Dear friends,
Sometimes, I feel sad for people on the other side of the political divide. This happens when they expose the smallness of their vision, and of the circle that they draw around themselves.
Montana Governor Greg Gianforte got an appeal from his adult child, David, who is a nonbinary trans person. David, who had avoided public discussion of their gender identity, chose to speak out about anti-trans legislation.
Gianforte met with David in March to discuss SB 458 — which defines sex as binary — and SB 99, the bill to ban gender-affirming care that led to the vitriol directed at Representative Zooey Zephyr.

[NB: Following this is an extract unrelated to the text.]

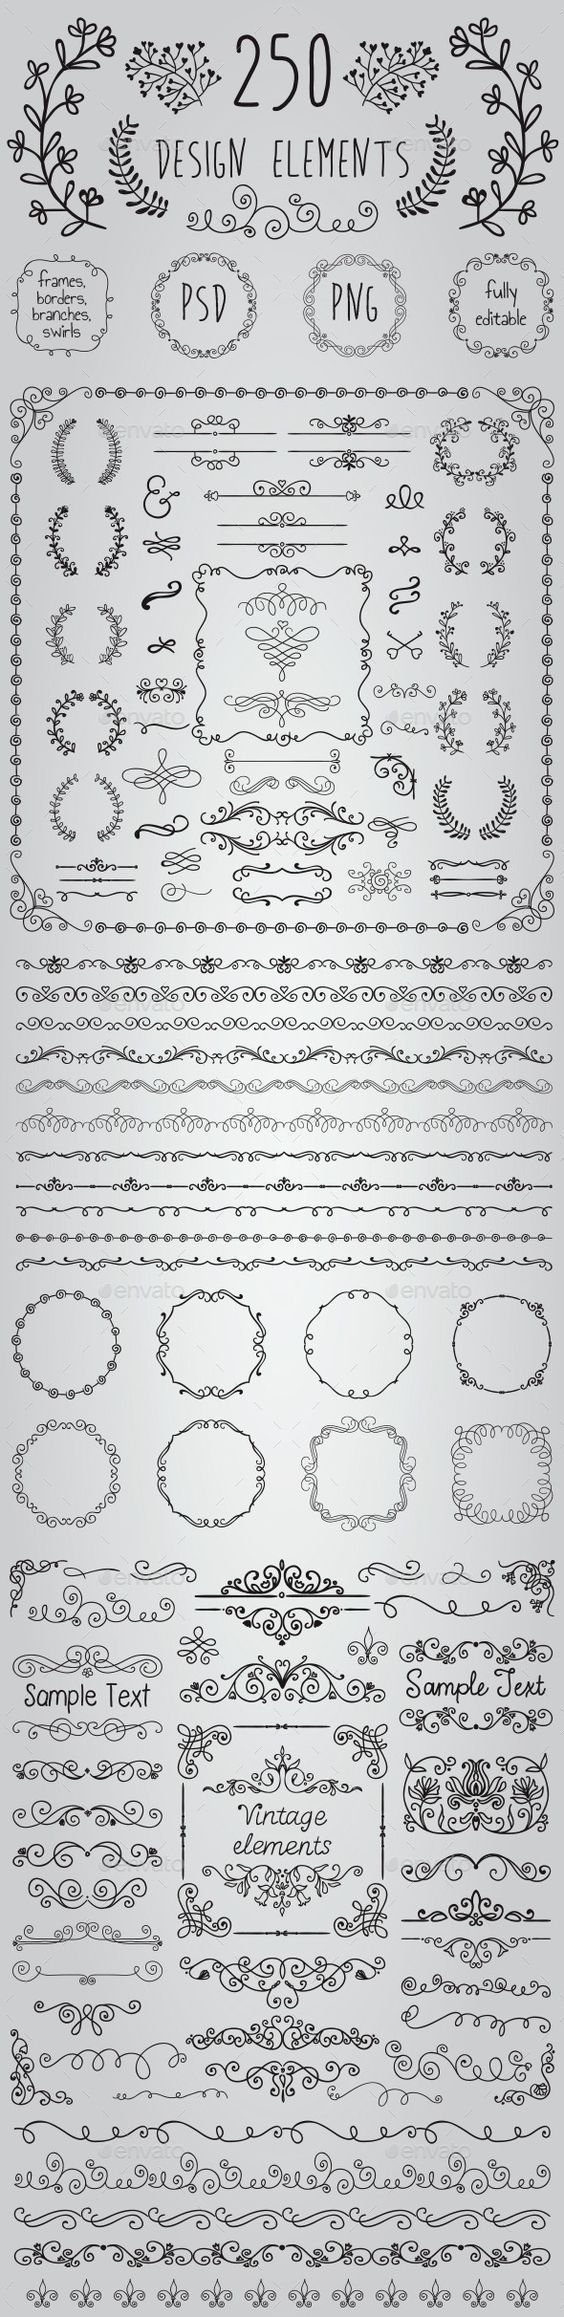 Big Set of 250 Handsketched Design Elements (Transparent PNG, CS, 500x500, 6.9x6.9, banners, black, border, branch, bundle, clipart, congratulation, decoration, drawing, editable, elements, flourish, foliage, foliate, frame, greeting, hand drawn, invitation, laurels, leaves, ornaments, pack, rustic, sketch, wedding):
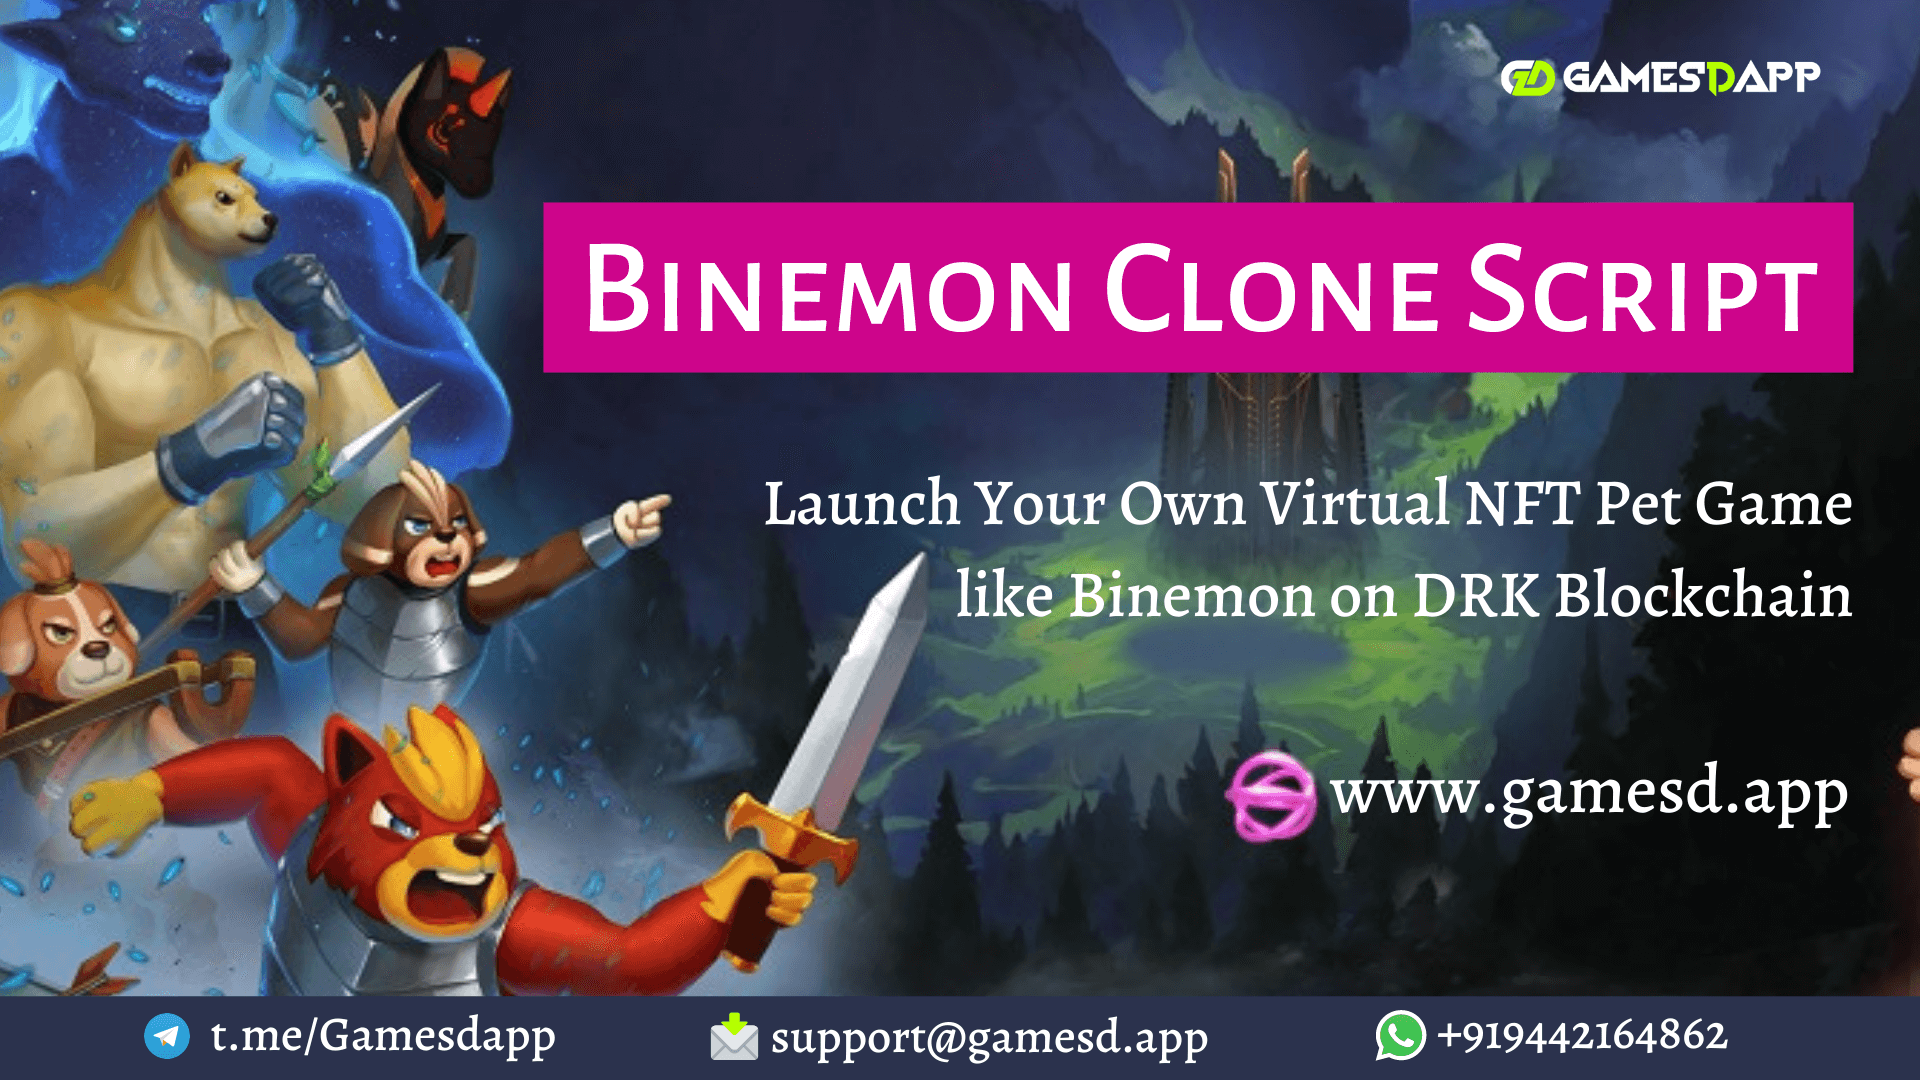 Binemon Clone Script - To Develop NFT based Play-to-earn Game like Binemon on DRK Blockchain

David had no illusions about the impact of their appeal. Greg offered some empty language about compassion and empathy. The governor’s response to David’s appeal came down to his standing in the Republican Party and his concerns for his career.
Poor Greg. He demonstrated to David and all the world that the bonds of care and affection for his own child and the many other trans people in his state — two of whom serve in the 100-member Montana House — are no match for his narrow ambition.
Kevin McCarthy — another figure defined by narrow ambition rather than principle — rallied Republicans behind a bill to raise the debt ceiling while cutting expenditures on health and climate, “imposing work requirements on social programs, and expanding mining and fossil fuel production.”
Heather Cox Richardson offered this analysis:
McCarthy was pleased to have passed his measure with not a single vote to spare, but it appears he got the vote because everyone knew it was dead on arrival at the Senate.
Is there a smaller man? Sadly, yes.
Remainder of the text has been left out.